# Wedding reportage book.



## ballochboy (Jan 17, 2011)

Hi getting married this summer, and trying to get my old college buddy (press photographer) to do my wedding photographs. Would like to do the photographs myself but I've got to be in them (lol)


I'm looking for more contempory reportage shots with some old school classics thrown in for good measure.


It's going to be a book not an album, so I'm looking for ideas on what else I could put on a page. What I'm trying to do is give it a scrap book feel. So on one blank page I may insert the layout of the table plan (taking up the whole page as a background) over this could be an image of the best man reading out friends wedding card's or telegrams. under this image I could insert a scanned section of one of these cards (the well wishers hand written words).


I want a style like this to give us more of a memory of the bigger picture that went on. Background's I have thought of for some pages would be The invite's, the venue's plans and brochure, The table plan, The menu ect. So if you can think of anything, ideas would be welcome.
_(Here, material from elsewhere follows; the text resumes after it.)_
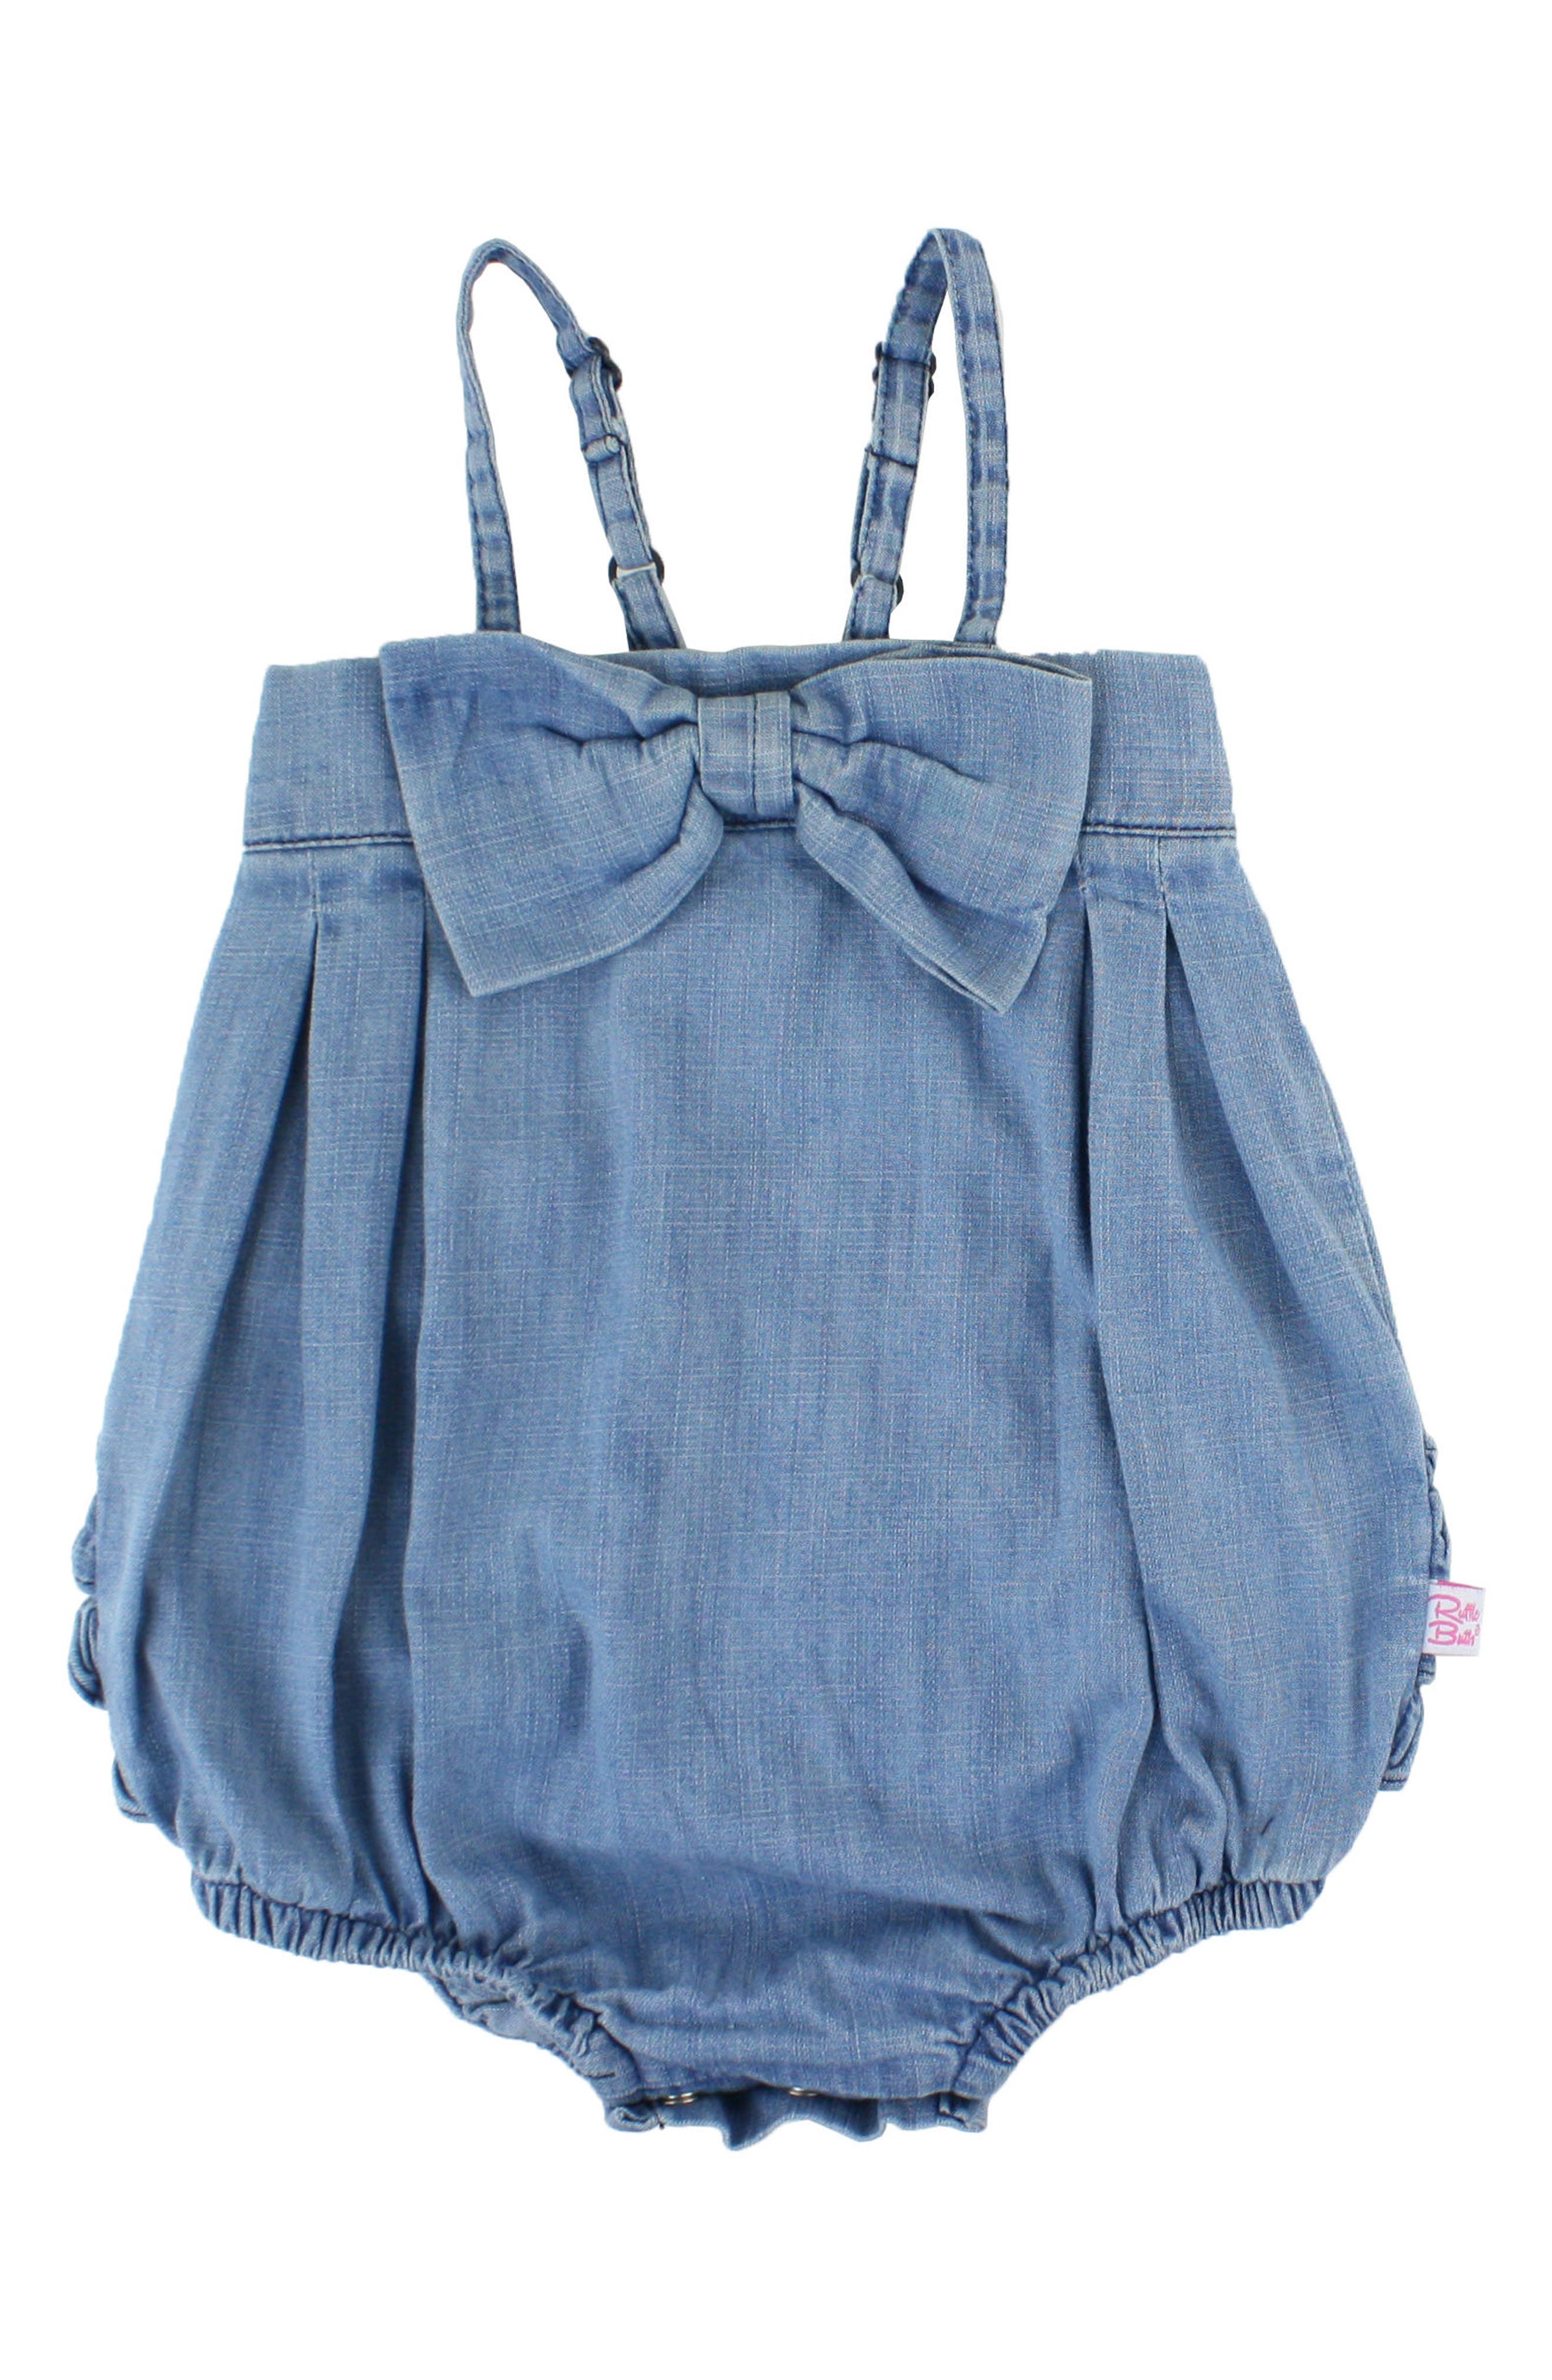 RuffleButts Baby/Toddler Girls Ruffled Denim Skirt with Bow

Along with any other ideas that could fill up some blank parts of a page, such as writting (the telegrams) history and facts of the venue, and place(location).


I don't plan to do every page like this as some important images will take up the whole page but if you get the idea what I'm trying to do, any ideas would be welcomed.
Cheers


----------



## Christie Photo (Jan 20, 2011)

Over the years, I have recognized that folks living in the British Isles often equate "commercial photography" with "photography for sale."

Over here, "commercial" refers to the USE of the photography...  as the client uses the photographs to develop or promote their OWN commerce.

This post will likely get more results in the "General Shop Talk" area.

-Pete


----------